START Dataset extract
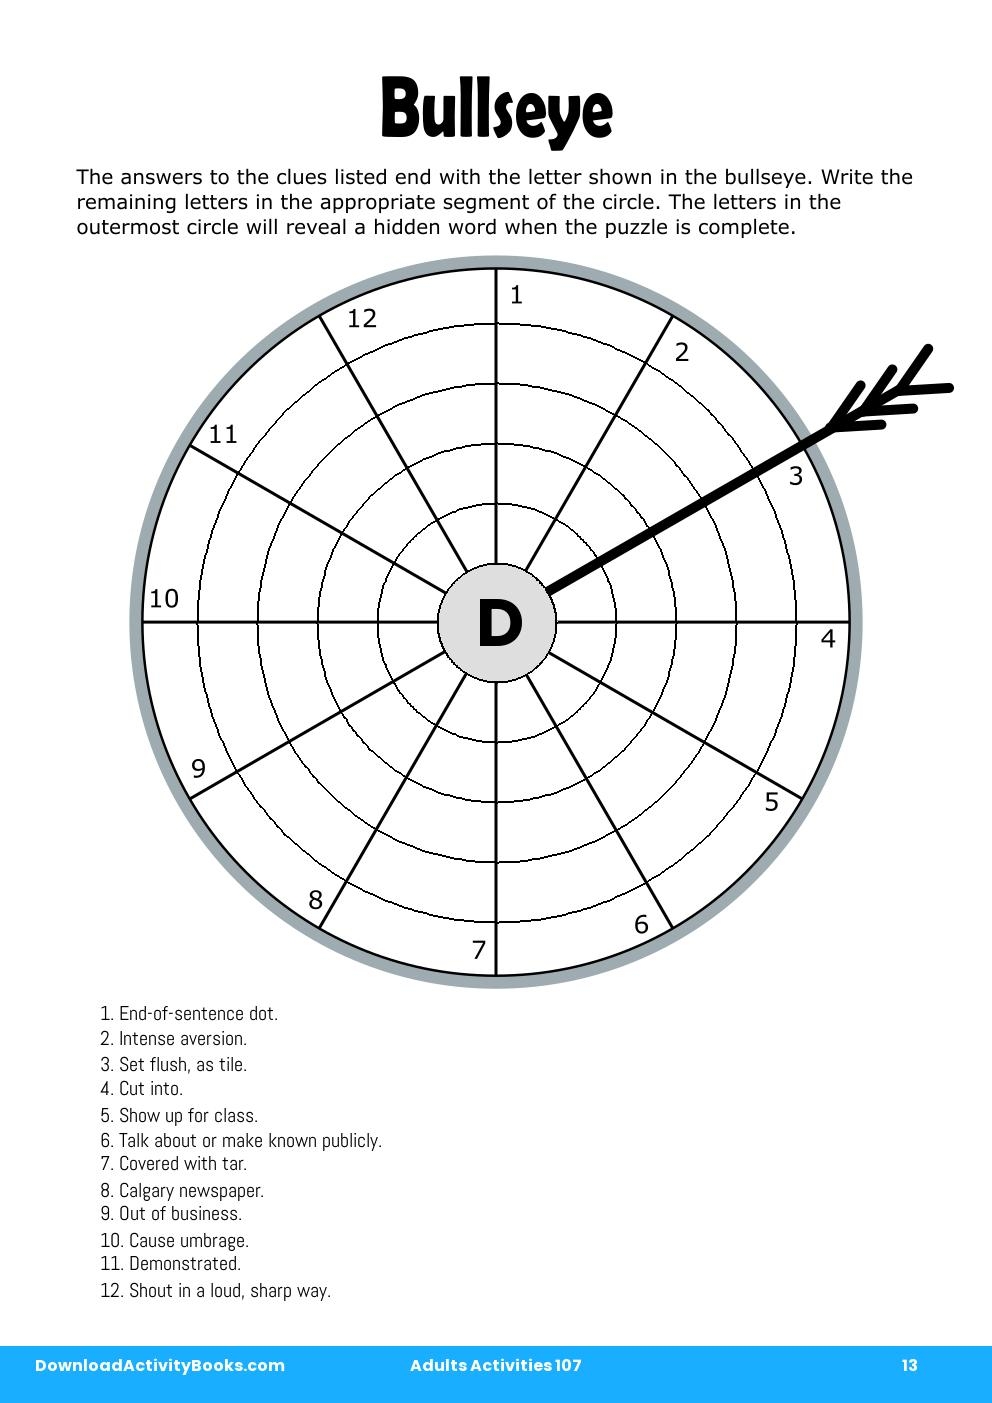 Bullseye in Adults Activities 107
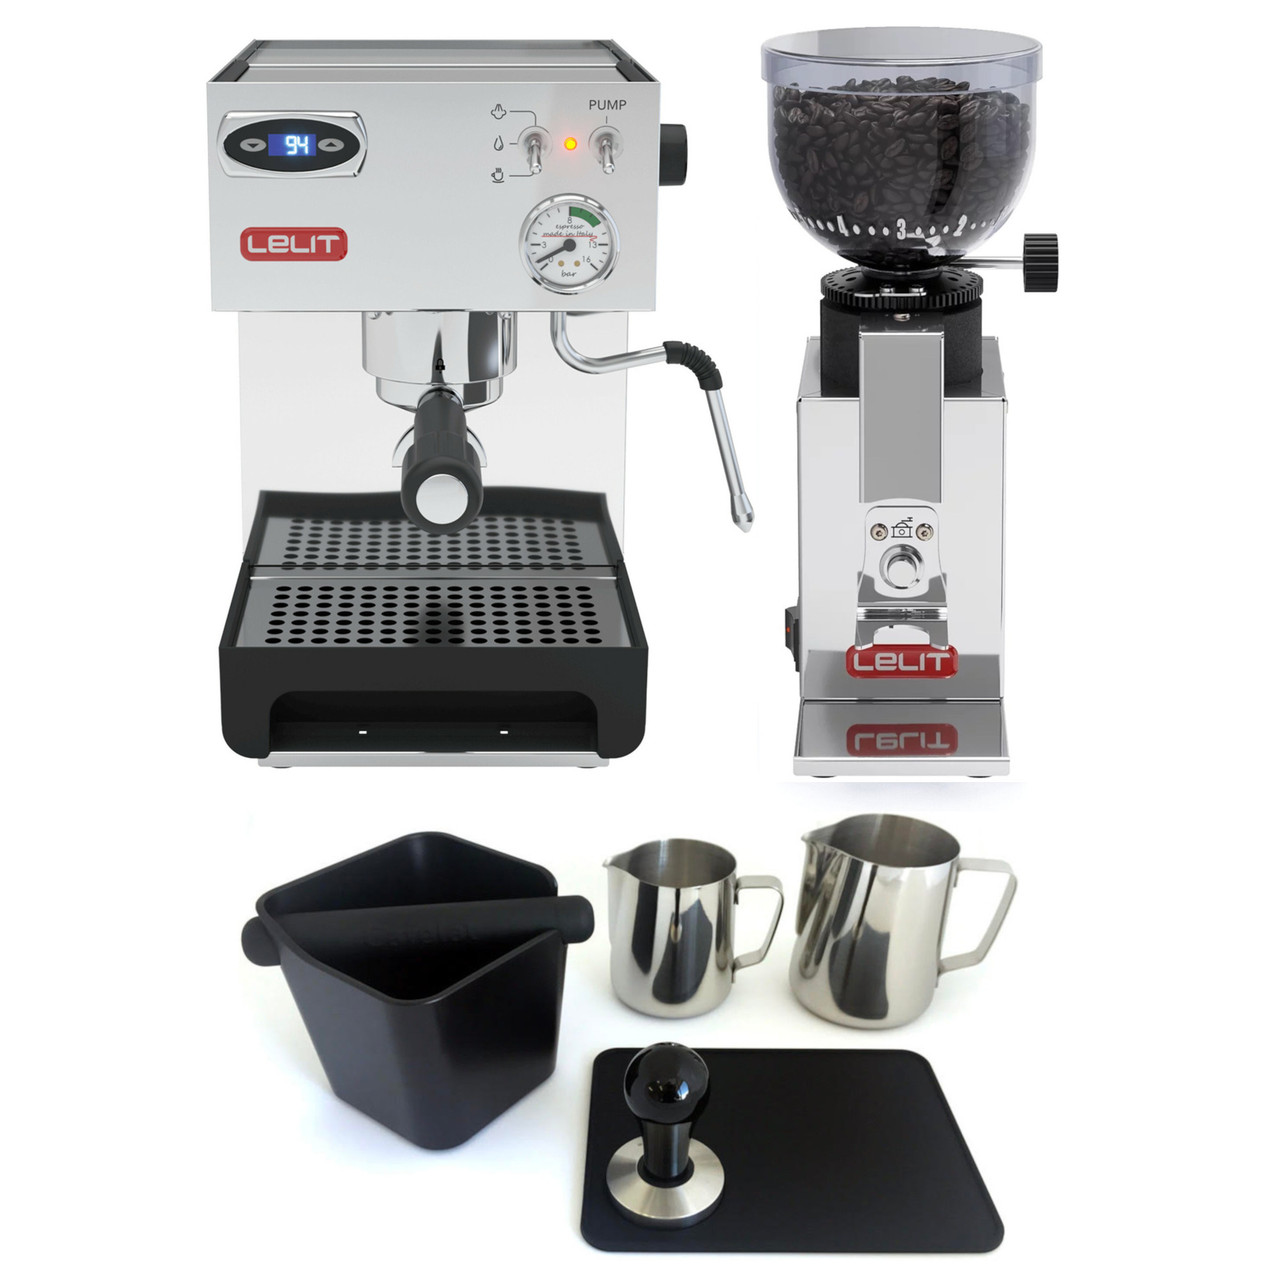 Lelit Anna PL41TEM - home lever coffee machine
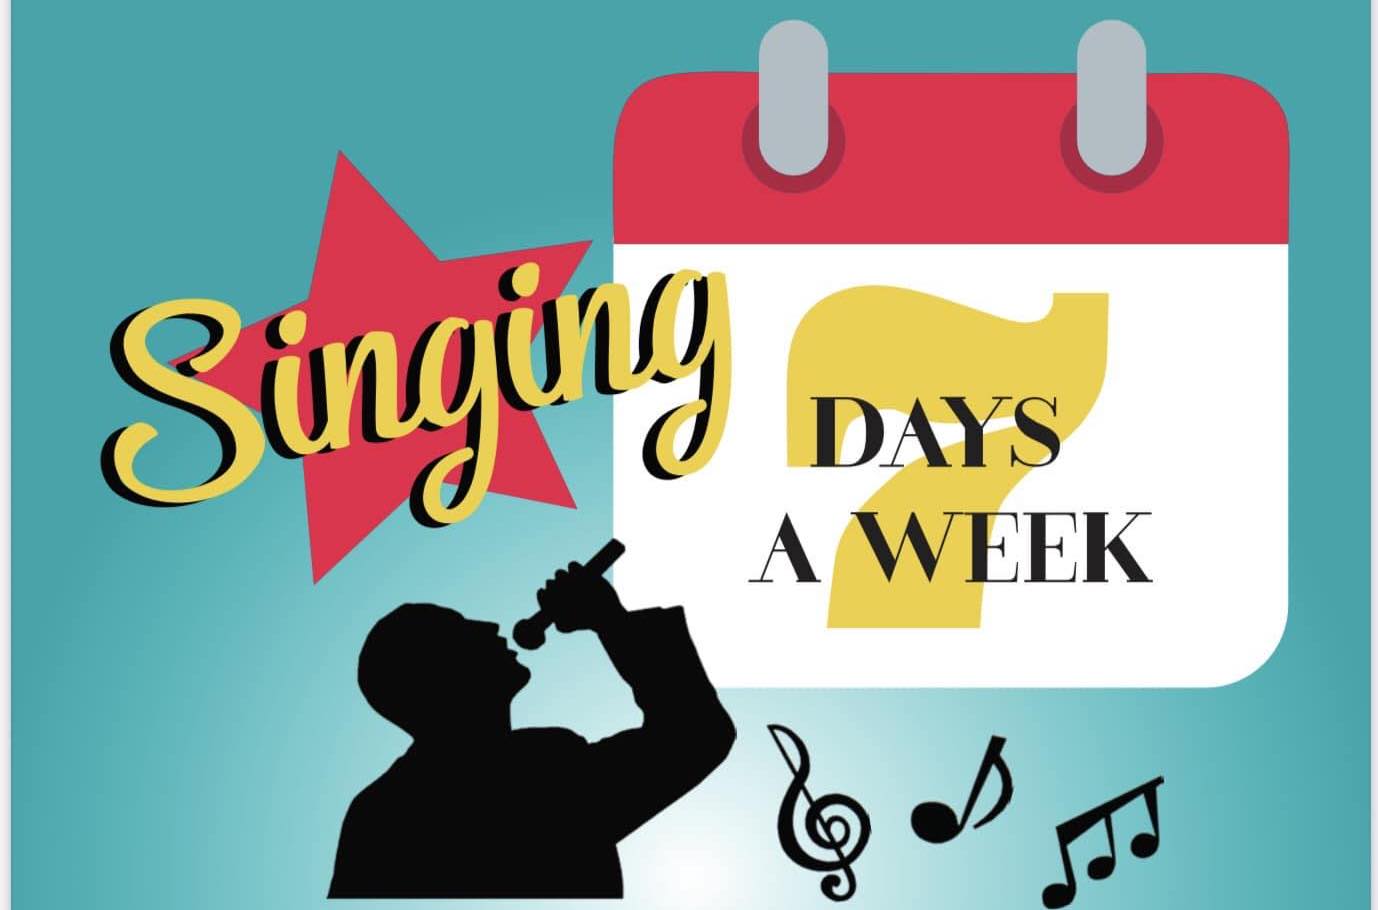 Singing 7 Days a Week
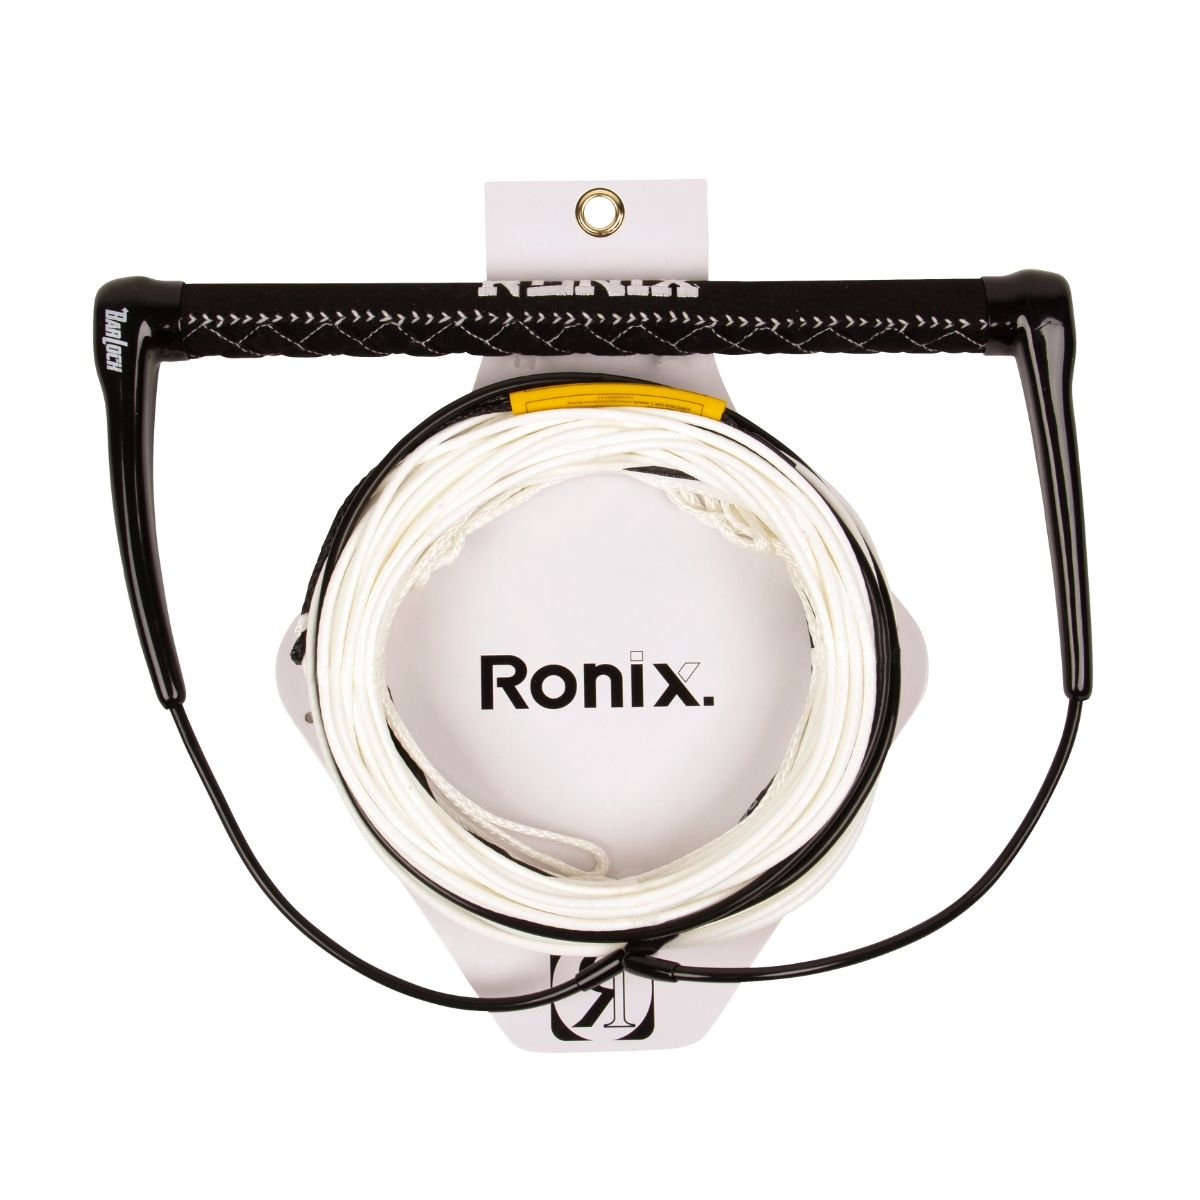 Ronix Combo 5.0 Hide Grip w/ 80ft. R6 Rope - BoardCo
END Dataset extract
Task directions » Starting at the line with "Lelit Anna PL41TEM", output each line through the final one of the listing above, and nothing else. Pictures are to be left out.

Final answer »
 Lelit Anna PL41TEM - home lever coffee machine
 Singing 7 Days a Week
 Ronix Combo 5.0 Hide Grip w/ 80ft. R6 Rope - BoardCo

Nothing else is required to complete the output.